By: Mary Carver, P.H.Ec.
Food and child's money bank
Source: Mary Carver, P.H.Ec.
It's important to understand how you can plan your meals to help make the most of your budget. Here are some helpful tips from a Professional Home Economist (P.H.Ec.) to help feed your family without breaking the bank: 
  • Take 10 minutes to plan meals for the entire week. Include variety – one of the best ways to ensure healthful eating.
  • Make a shopping list. Stick to it to resist impulse purchases. Buy specials whenever possible. Remember - it is not a bargain if you don’t need the item. 
  • Meat and fish are often the most expensive items in your shopping cart. Choose recipes to extend the protein in pasta dishes, risottos, soups, and stews.
  • Add whole wheat bread crumbs or oatmeal to ground meat. Place root vegetables around a pot roast, to extend the number of servings.
  • Be aware of the cost per serving, not just the total package price. Depending on the price per kilogram, lean boneless meat can less expensive due to less waste than ‘bone in’ meat. One serving of meat, fish, or poultry is about the size of a deck of cards. Making at least half your plate veggies is healthful motto to live by.
  • Slow cooking tenderizes less-tender cuts of meat such as beef brisket, stewing beef, and pork shoulder roasts. The lengthy cooking time in a slow cooker (which uses less electricity than an oven) tenderizes meat and provides an infusion of flavours.
  • Buy meat in ‘family packs’, which are often priced less per kilogram. Separate, wrap well in freezer paper or heavy plastic bags, and freeze in quantities that suit your family’s needs.
  • Vegetarian meals can be budget-wise. Choose recipes that include plant-based proteins (kidney beans, lentils, chick peas, quinoa) to provide healthful meals at a fraction of the cost of meat.
  • Stock a budget-smart pantry and freezer. Whole-wheat pasta, canned fish, and a variety of frozen vegetables are essential staples.
  • Buy the ‘Large’ size of foods that keep well, such as rice, but only if you have a safe, dry place to store them. 
  • Fruits and vegetables are usually more affordable ‘in season’. But not always! Check weekly specials. Ontario-grown carrots, cabbage, onions, beets, parsnips, and apples from storage are usually affordable year-round.

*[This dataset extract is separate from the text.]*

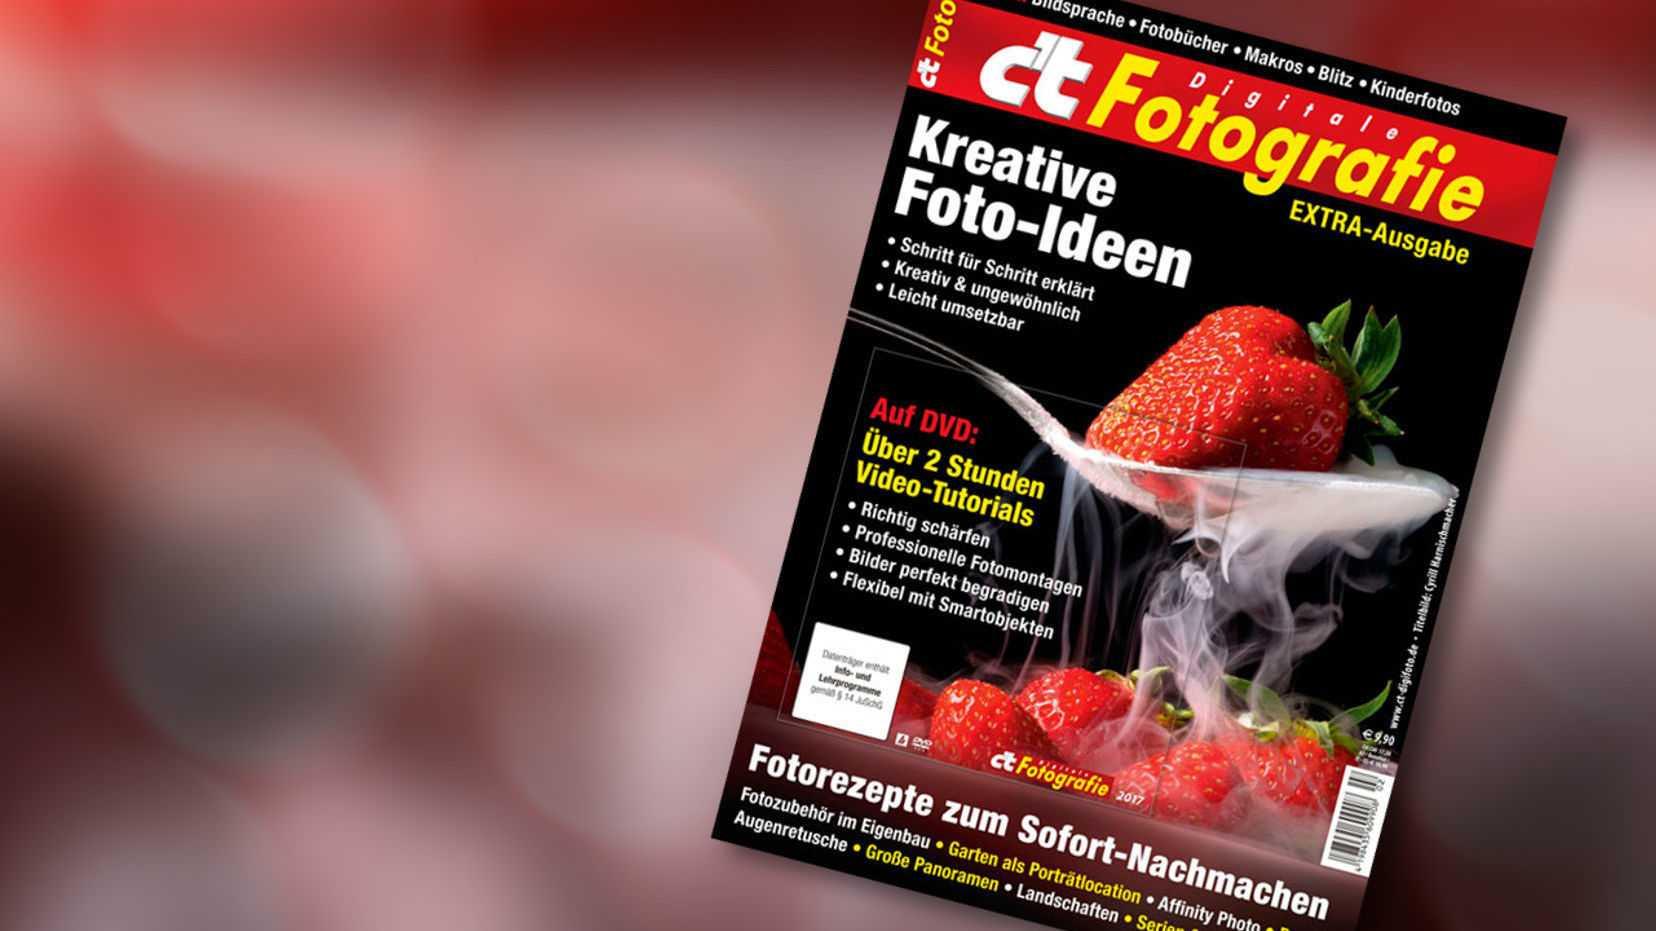 c't Fotografie Extra: Fotorezepte zum Sofort-Nachmachen

Ontario greenhouses provide tomatoes, cucumbers, and peppers of excellent quality all winter. Check grocery flyer prices to compare.
  • Buy a large can of tomato paste and spoon out what you aren’t using immediately into ice cube trays. When frozen, unmold and store in a plastic bag. Each cube holds approximately 1 tablespoon (15 mL) for adding to soups, stews, and other recipes.  Avoiding food waste saves money.
  • Don’t let fresh herbs wilt in your refrigerator. While fresh, wash, dry, and chop herbs before packing lightly into small plastic storage containers. Store in freezer until needed to add to various dishes where herbs are used.
  • Buy cherry or grape tomatoes as smart choices over a large tomato that you will not use all at one time. There is less waste with small tomatoes and they store on the counter well.
  • Take fridge inventory often. Keep a note on the fridge door to remind you to use leftovers in soups or stews. 
  • Stock up on high-fibre plant proteins such as chick peas to affordably ‘boost up’ salads, pasta dishes, soups, and stews, or to make your own hummus.
  • To save time, double-up when making your favourite pasta sauce, chicken stew, or chili, and repurpose for a second meal, such as pizza, chicken pot pie with a biscuit crust, or Sloppy Joes.
  • Make soup. Start with leftovers and toss in your favourite veggies, pasta, and legumes and serve with whole grain rolls or toast for a healthy, hearty meal.
  • By-pass the baked goods department.  Freshly-baked aromas are tempting but you can bake at home for less money and create more nutritious options - even if short on time.
  • Always cover foods while they are cooking in the microwave. This reduces both cooking time and nutrient loss, which makes the final product a better value.
  • Quench your thirst with water instead of juice or pop.

Be aware of how much you spend on ‘actual’ food for your family by keeping track of all purchases for a week or two. Remember not to confuse the cost of pet food, diapers, and sundries as part of the ‘food’ total.  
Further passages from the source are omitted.